■ **What you should do**
Using the listing below, print the line containing "Wolverine #41 Cover", the line containing "bride and bridesmaids", and each line between them, exactly and nothing else. Pictures stay out of the print.

■ **Exercise data**
Start of Block
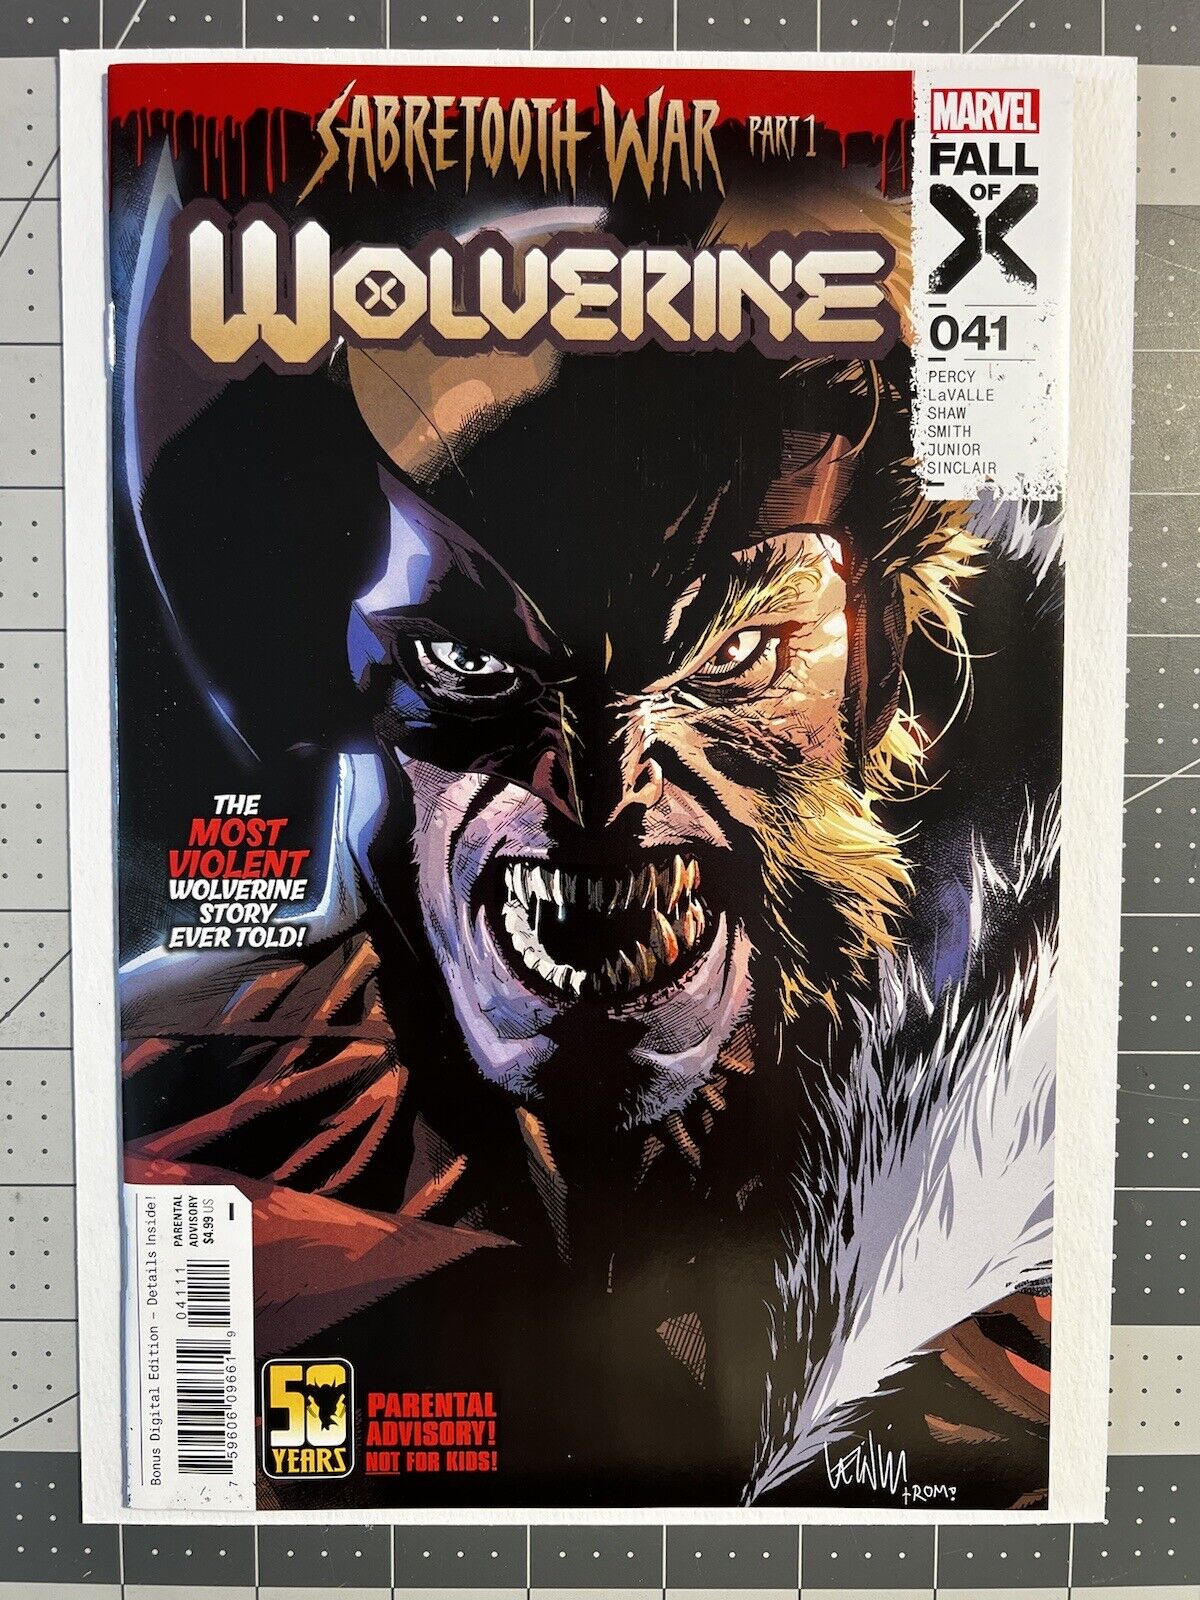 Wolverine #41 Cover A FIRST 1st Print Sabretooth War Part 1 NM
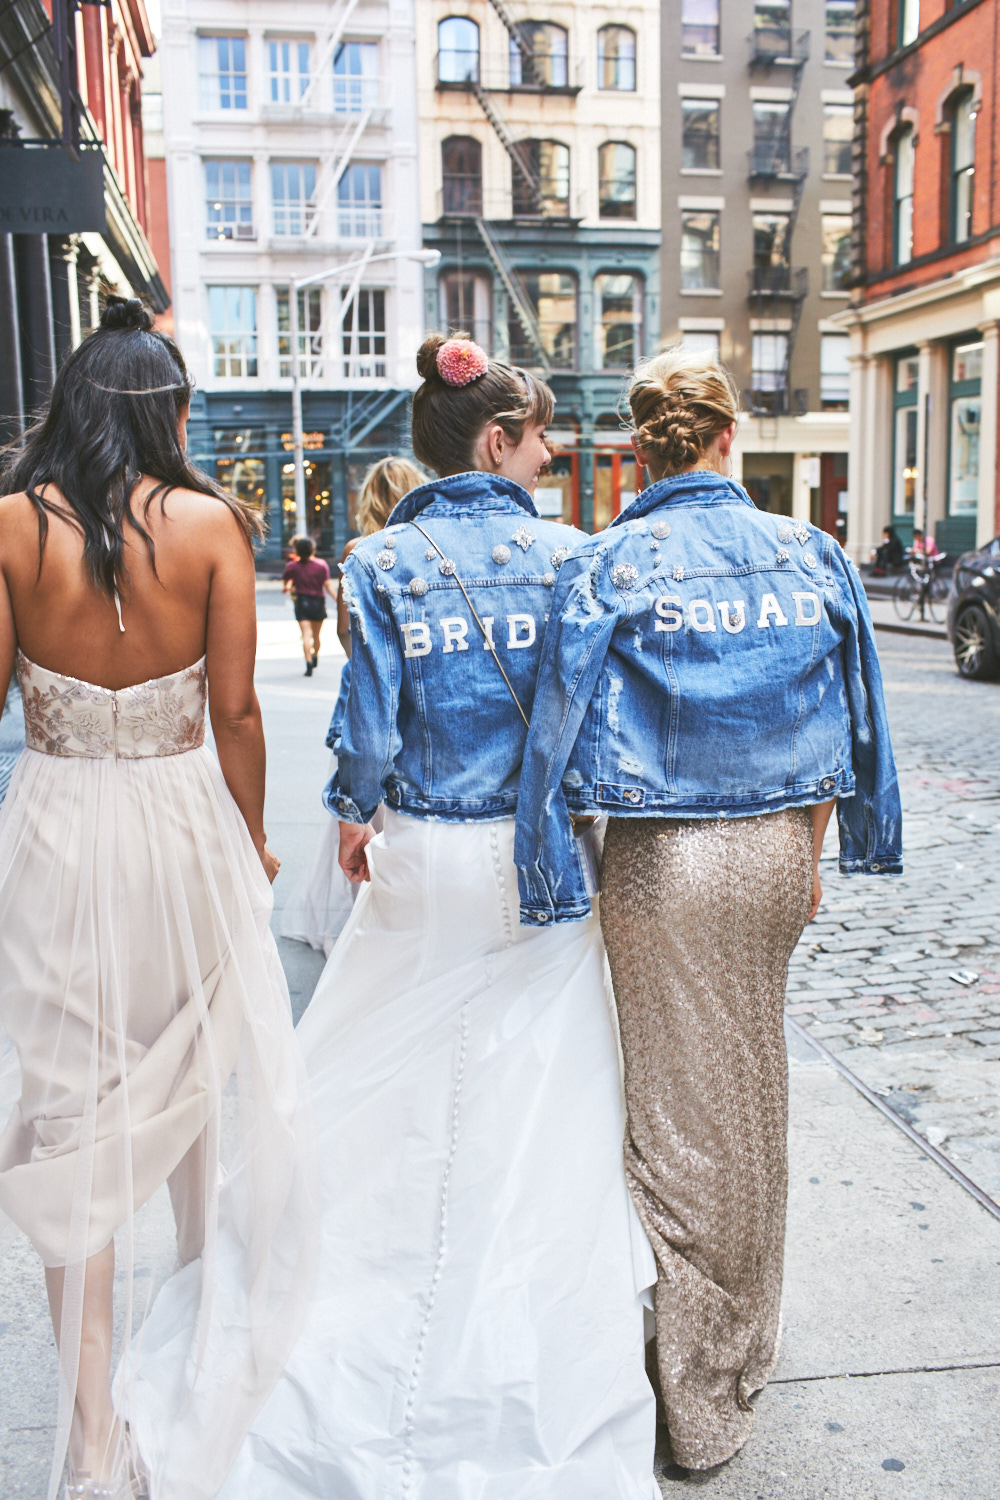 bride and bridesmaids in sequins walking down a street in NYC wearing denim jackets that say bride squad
End of Block
Start of Block
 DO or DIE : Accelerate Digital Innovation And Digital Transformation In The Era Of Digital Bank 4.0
End of Block
■ **Task solution**
 Wolverine #41 Cover A FIRST 1st Print Sabretooth War Part 1 NM
 bride and bridesmaids in sequins walking down a street in NYC wearing denim jackets that say bride squad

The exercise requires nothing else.